_PROBLEM TO WORK ON_
The answer is the exact run of lines in the listing below from the line containing "Asociación - Acoarela / Acuarelas" up to and including the line containing "green howea plant on blue background", with pictures removed.

_PROVIDED RECORDS_
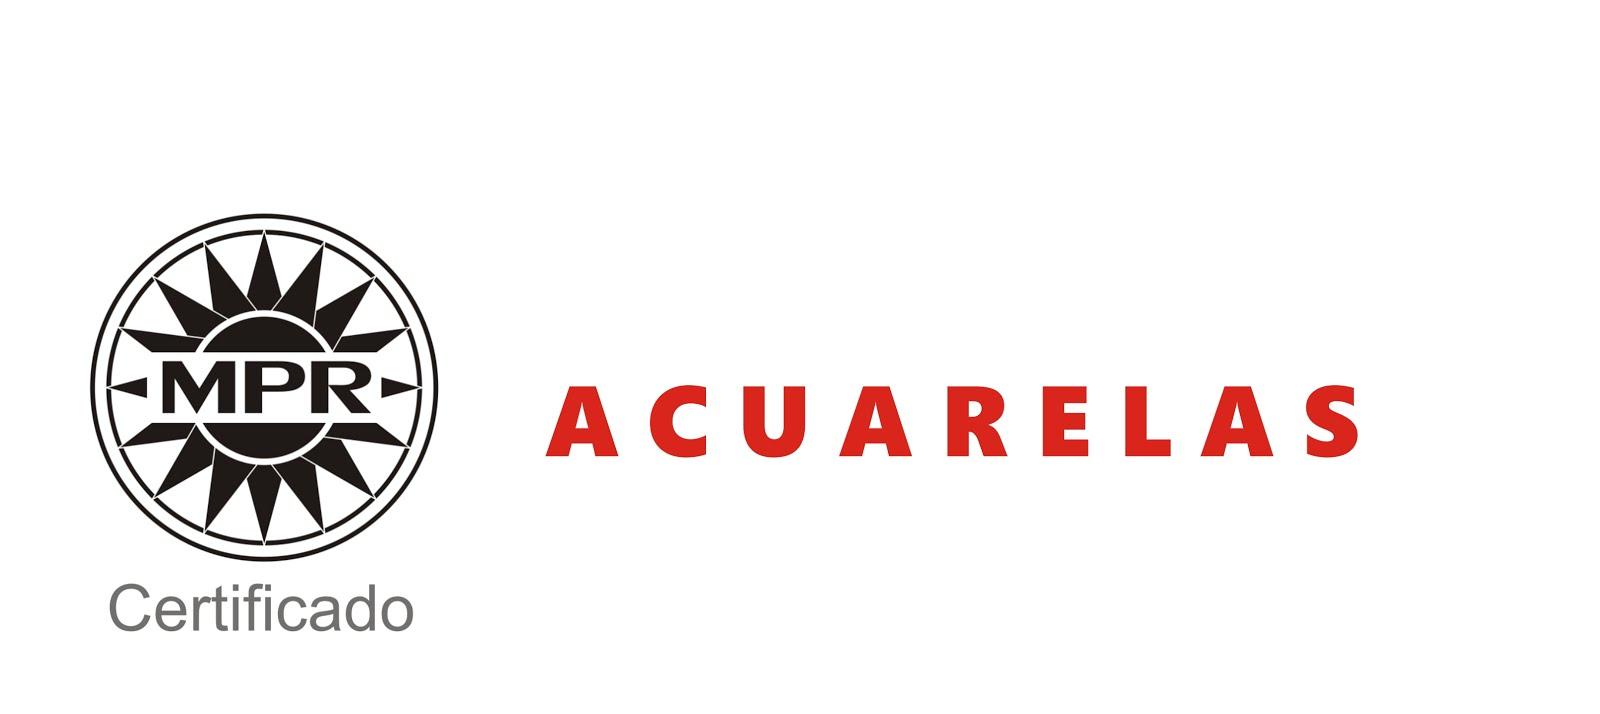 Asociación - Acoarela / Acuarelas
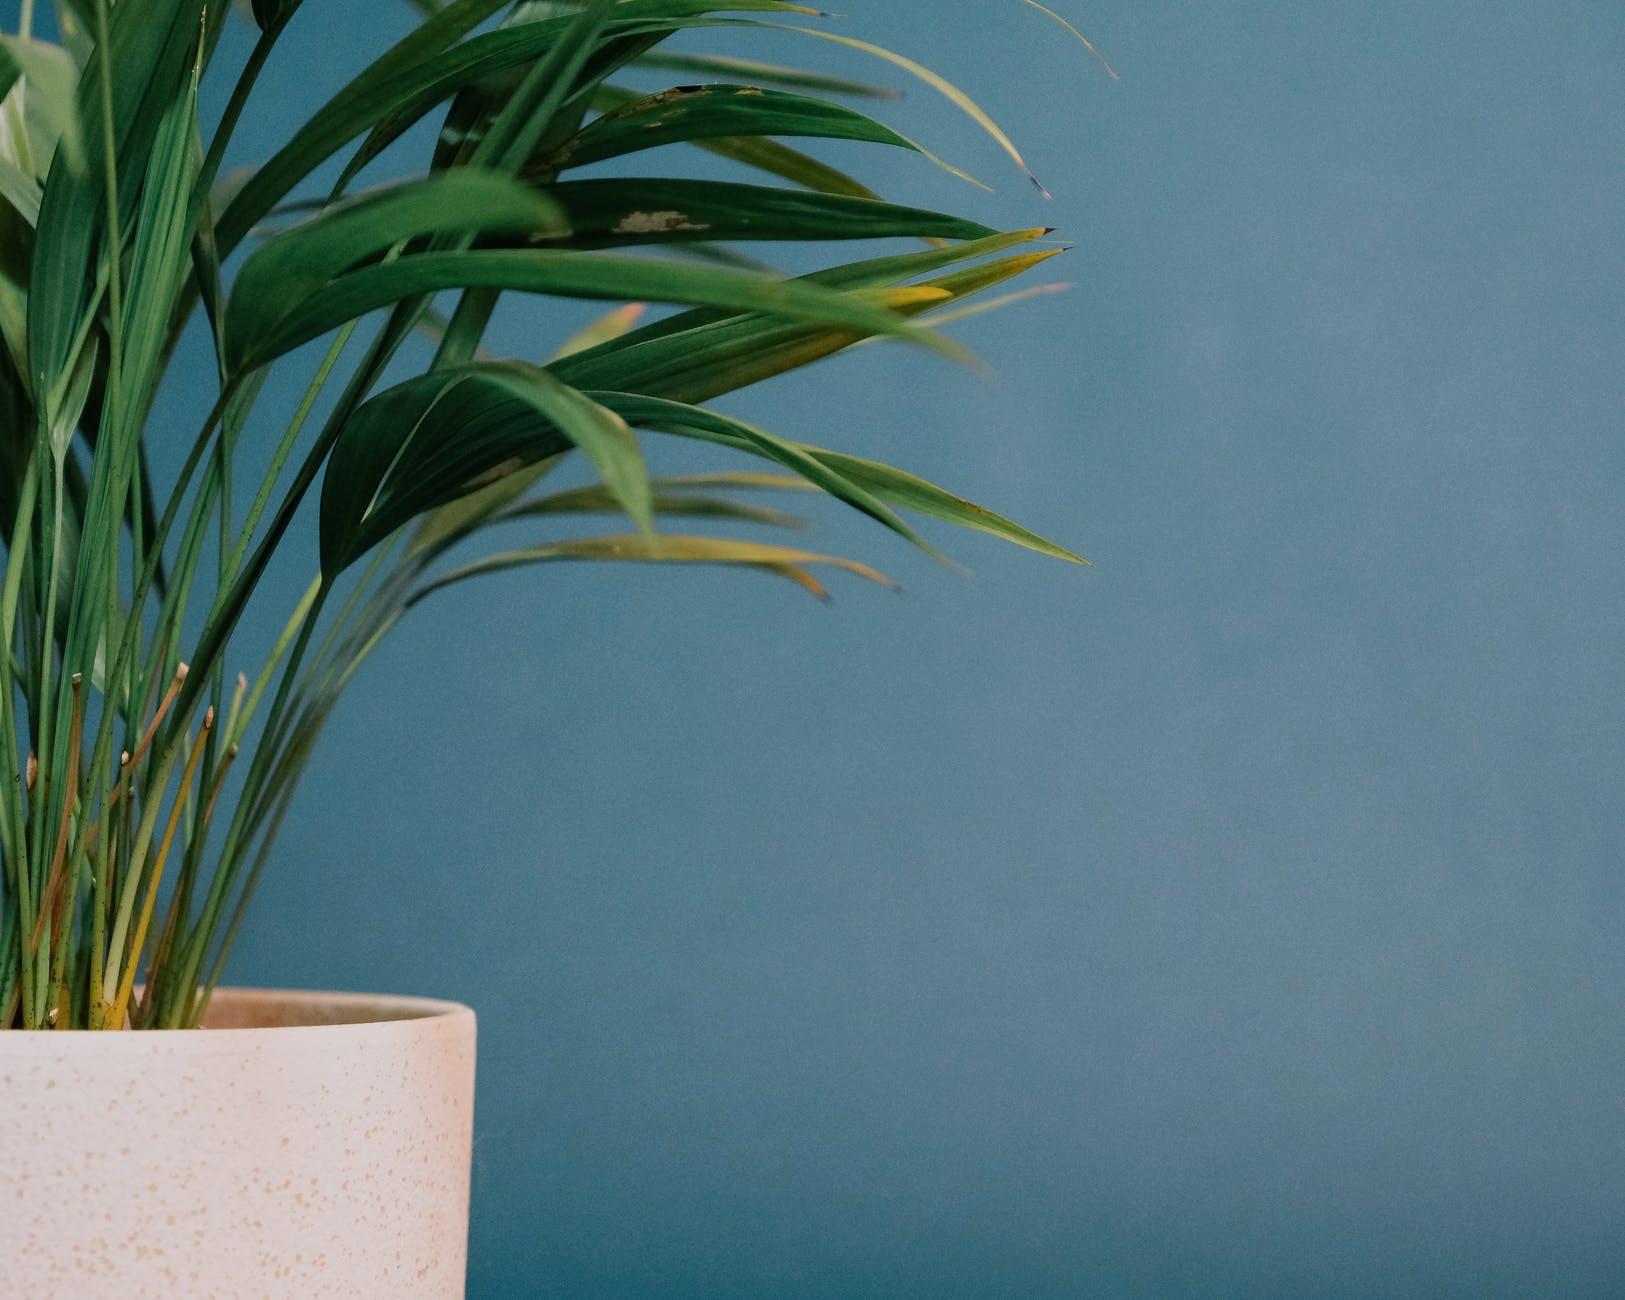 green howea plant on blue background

---

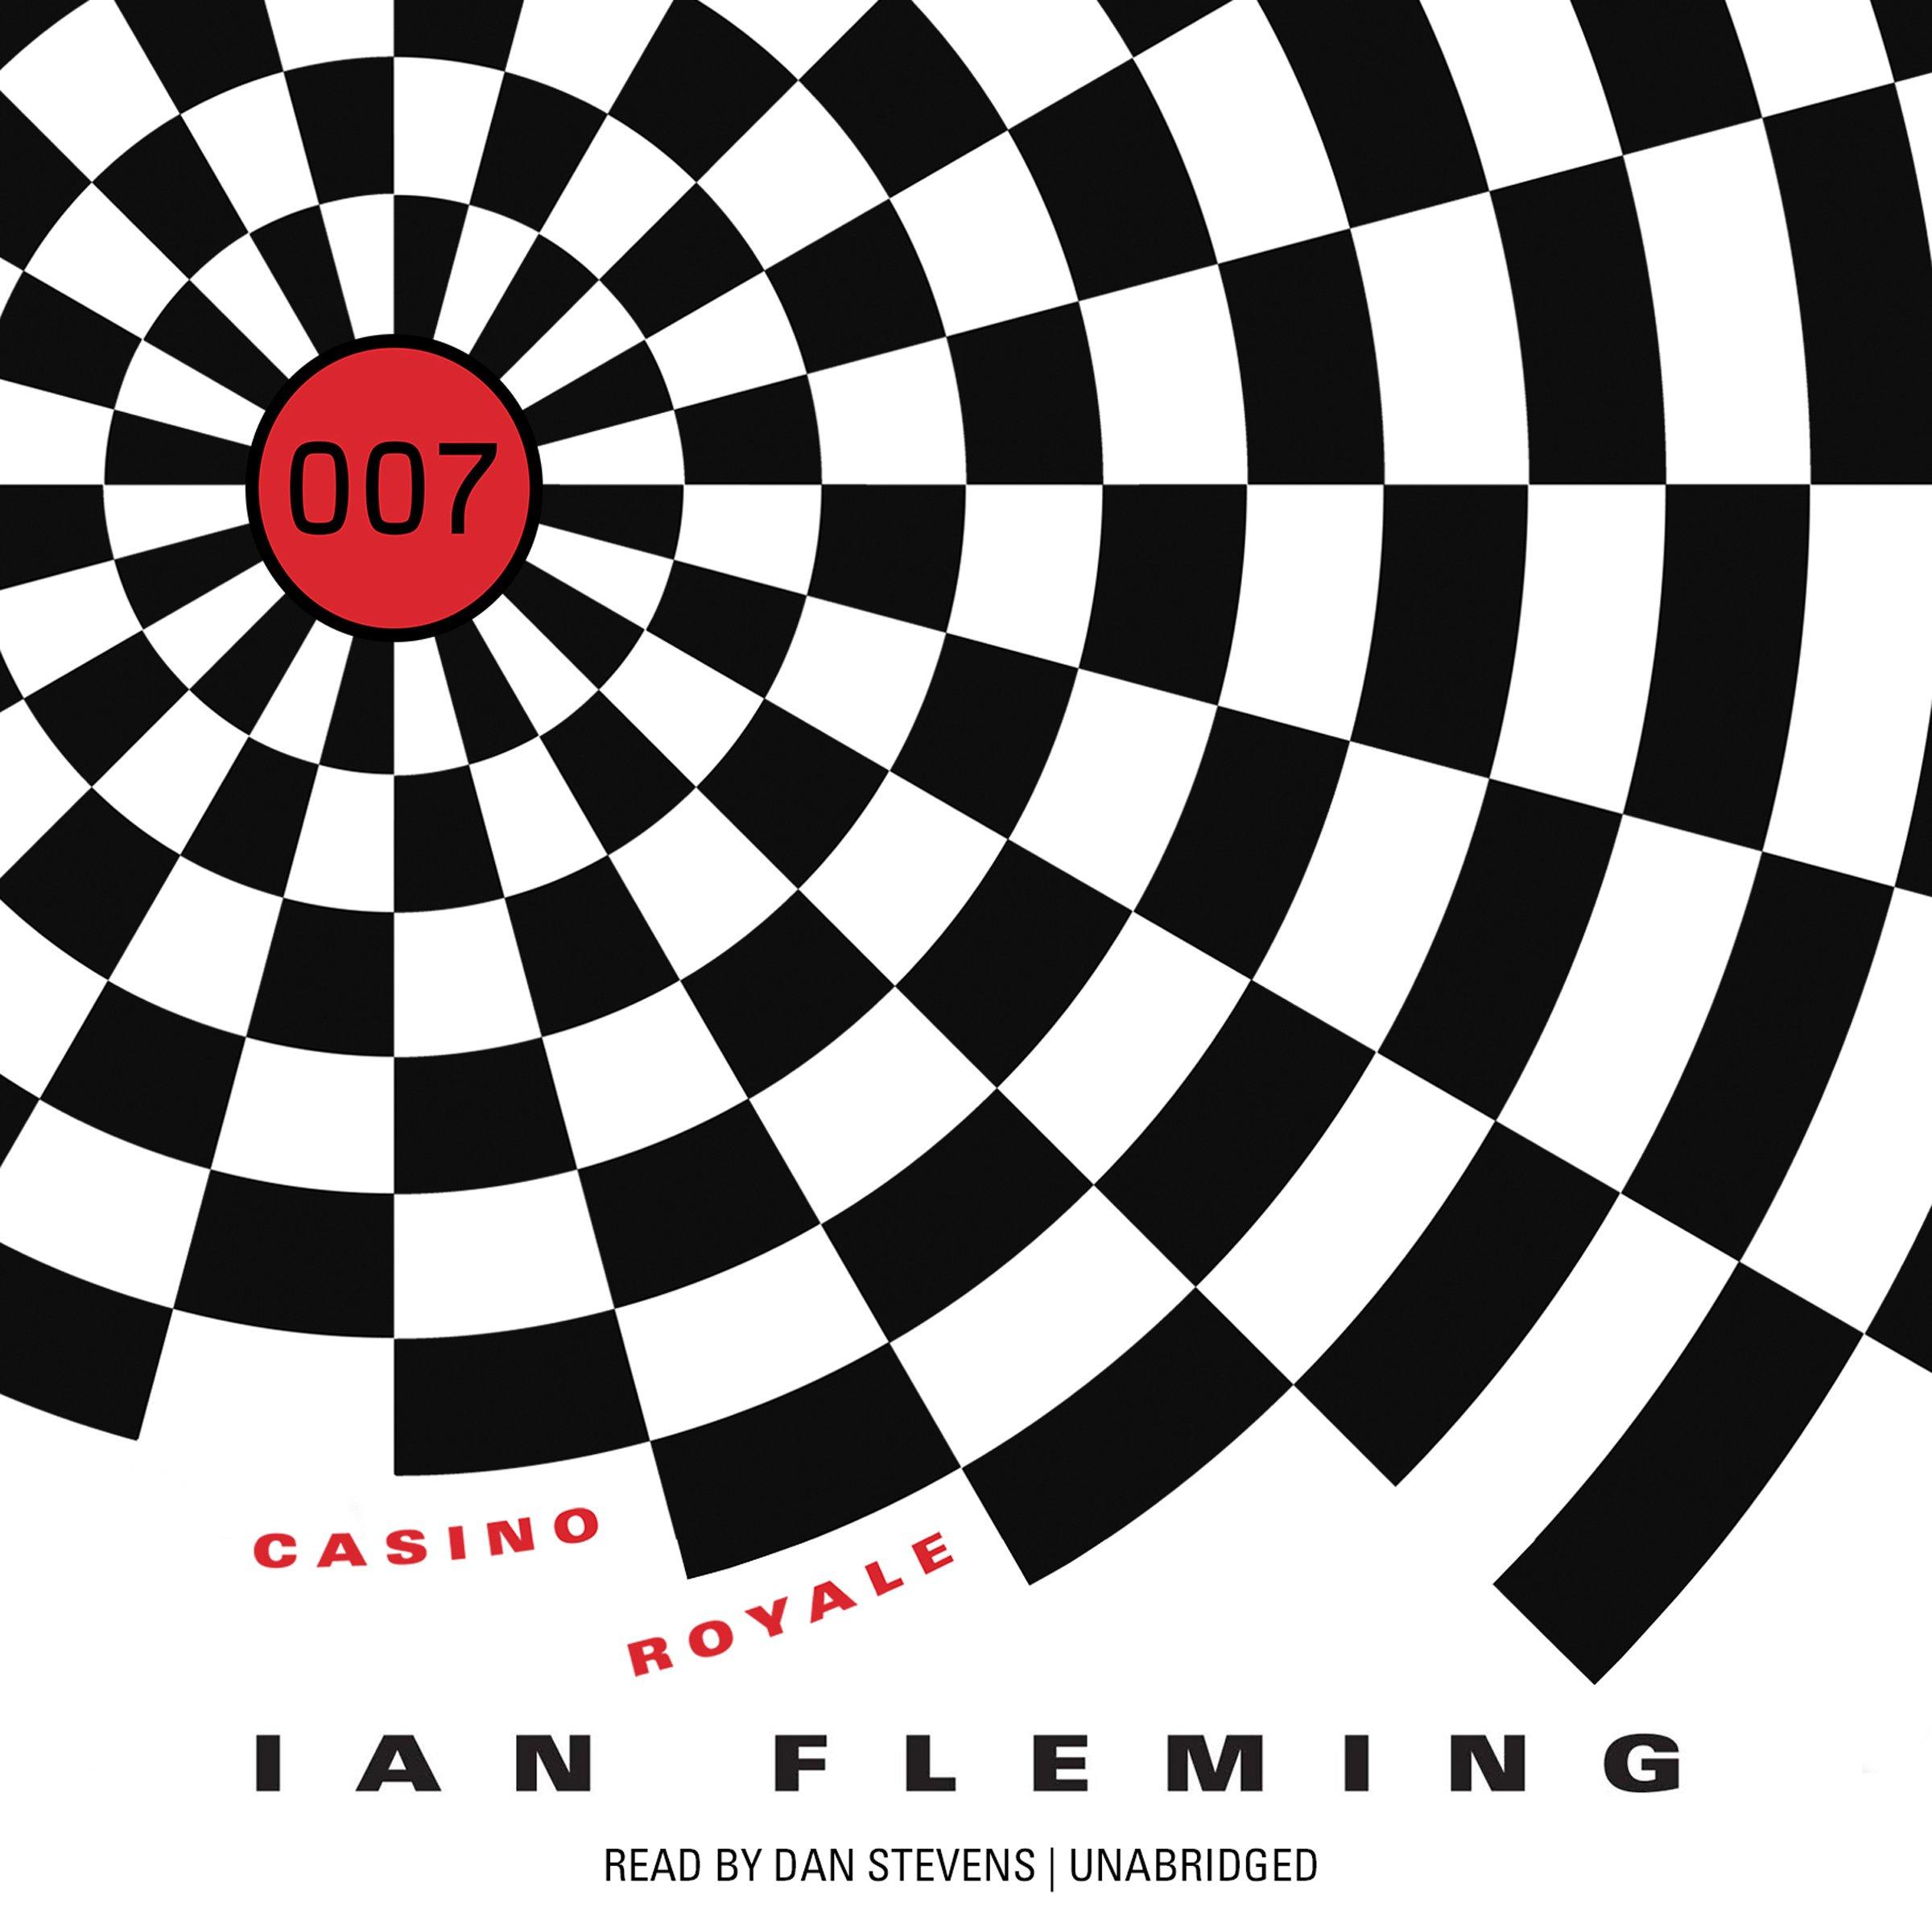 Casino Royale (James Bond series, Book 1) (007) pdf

_REPLY_
 Asociación - Acoarela / Acuarelas
 green howea plant on blue background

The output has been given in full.